Cybersecurity researchers at Google’s Threat Intelligence Group (GTIG) have uncovered a sophisticated hacking campaign by a North Korean state-linked group exploiting public blockchains to host malware through a method called “EtherHiding.” The attackers are believed to have stolen approximately $2 billion in cryptocurrency this year through this technique.
The campaign, attributed to the threat actor cluster UNC5342, targets developers and crypto employees by luring them with fake job offers and coding tasks. Victims download files that load a JavaScript payload, which then interacts with smart contracts on the Ethereum and BNB Smart Chain to retrieve further malicious code — all without leaving visible traces on‐chain.
The EtherHiding Malware and Its Danger
According to Google, EtherHiding allows attackers to embed malicious instructions inside smart contracts that remain immutable and publicly accessible, thereby turning blockchain infrastructure into a decentralized platform that malicious actors can command and control.
The infection chain begins with a compromised website, often a job-recruitment bait for crypto developers. Once the victim downloads and runs a script, it uses a read-only blockchain call to fetch the next malware embedded inside a smart contract.
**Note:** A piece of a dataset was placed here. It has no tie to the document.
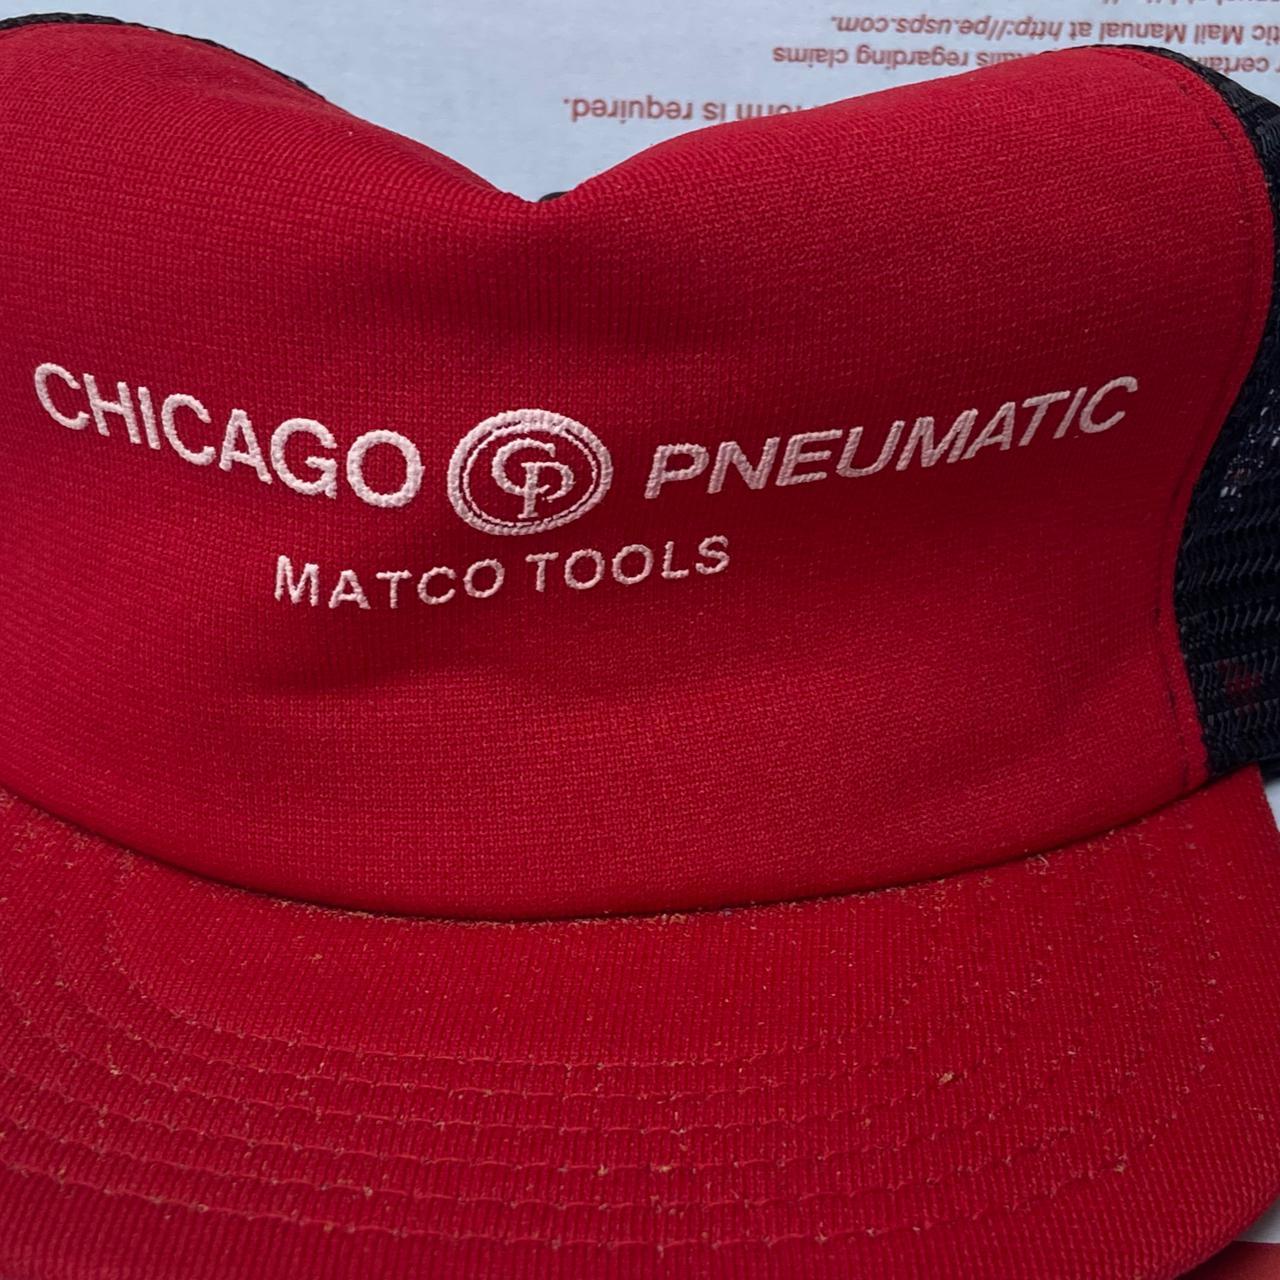 Product Image 2 - Chicago Pneumatic CP Matco tools

That leads to the installation of a backdoor that enables long-term remote access to the victim’s device and crypto wallets.
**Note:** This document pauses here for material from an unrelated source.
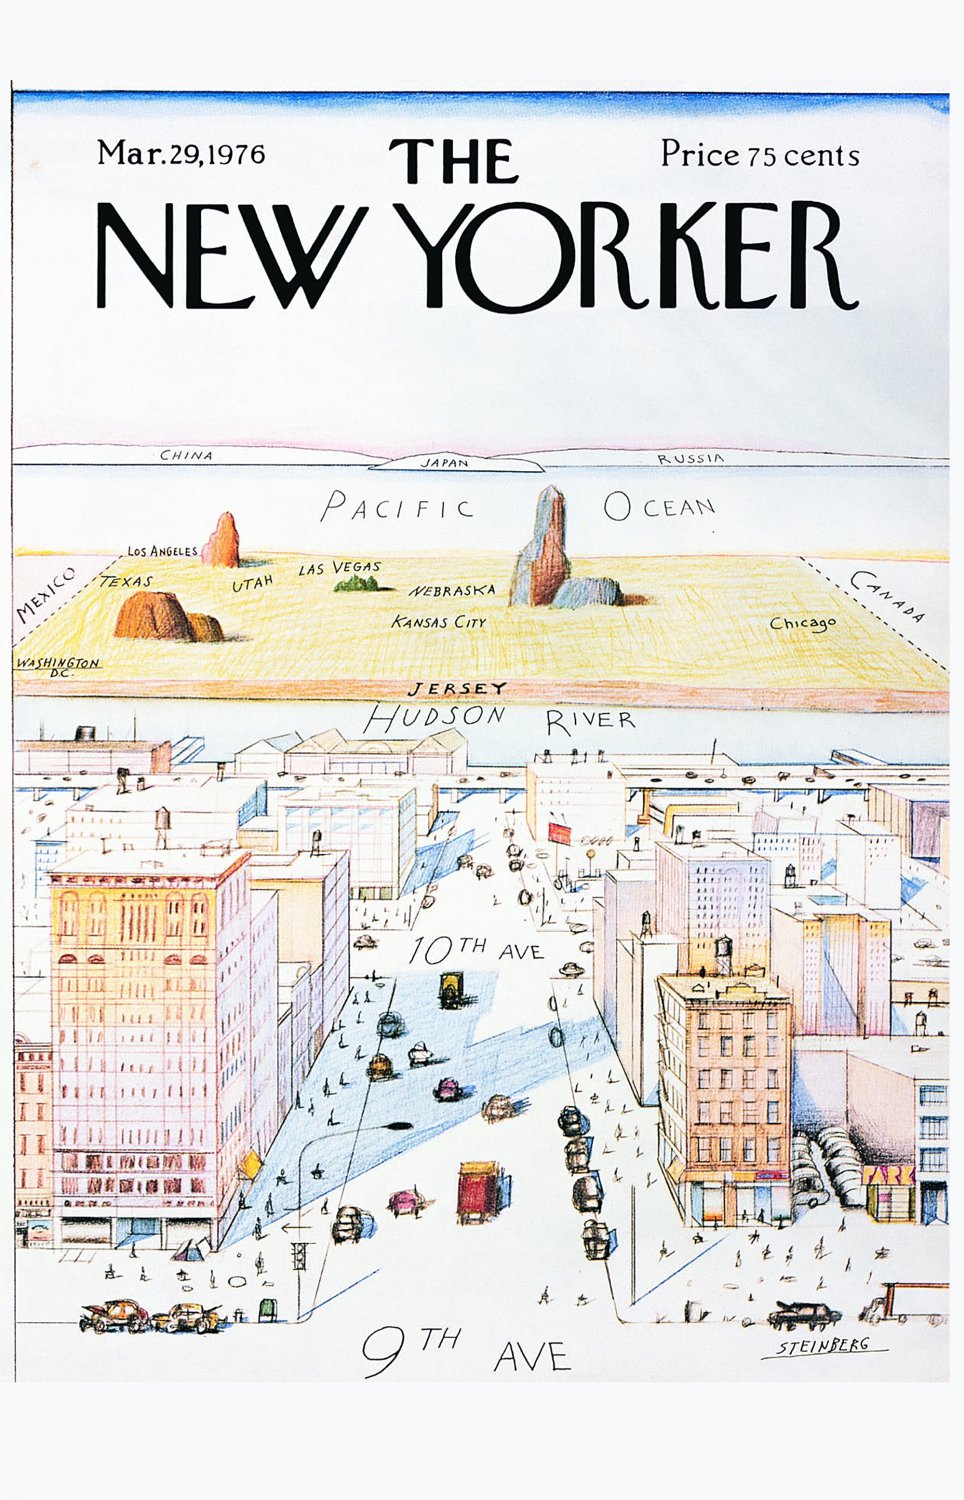 The New Yorker 1976  18"x28" (45cm/70cm) Poster

Victims, often developers and crypto employees, were tricked through fake job offers or coding tasks. Once a victim downloaded the booby-trapped files, JavaScript payloads connected to blockchain smart contracts to fetch additional malicious instructions without leaving obvious traces on the blockchain. This allowed the attackers to bypass traditional defenses while maintaining operational stealth.
Because the smart contracts are immutable, conventional security solutions like server takedowns or URL blocking don’t work. Attackers can update the code, making the attack infrastructure resilient and persistent.
Google’s Malware Hunt Reinforces The Need For Strong Security
Google and its team have uncovered another vulnerability within the crypto ecosystem, especially via decentralized finance (DeFi) and smart contracts.
For institutions and corporate treasuries holding crypto assets, the risk is broader than just exchange hacks or smart-contract bugs because malware embedded via blockchain calls presents an under-the-radar supply‐chain risk.
Until now, many crypto entities have focused on code audits and wallet security, but may now need to add endpoint protection, supply-chain vetting, and blockchain transaction forensics. If hackers can hide command-and-control infrastructure inside smart contracts, then even regulated asset managers or custodians may face stealth exposure, which could erode confidence in institutional crypto adoption.
Overall, the Google-revealed DPRK campaign using EtherHiding turns a new page in crypto risk. It sends a signal that public blockchains are no longer just assets to steal from, but also infrastructure that attackers can weaponize. As digital assets scale with institutional adoption, the industry must adapt to the ever-growing threat within the crypto ecosystem or risk becoming the next stealth funding channel for cybercrime.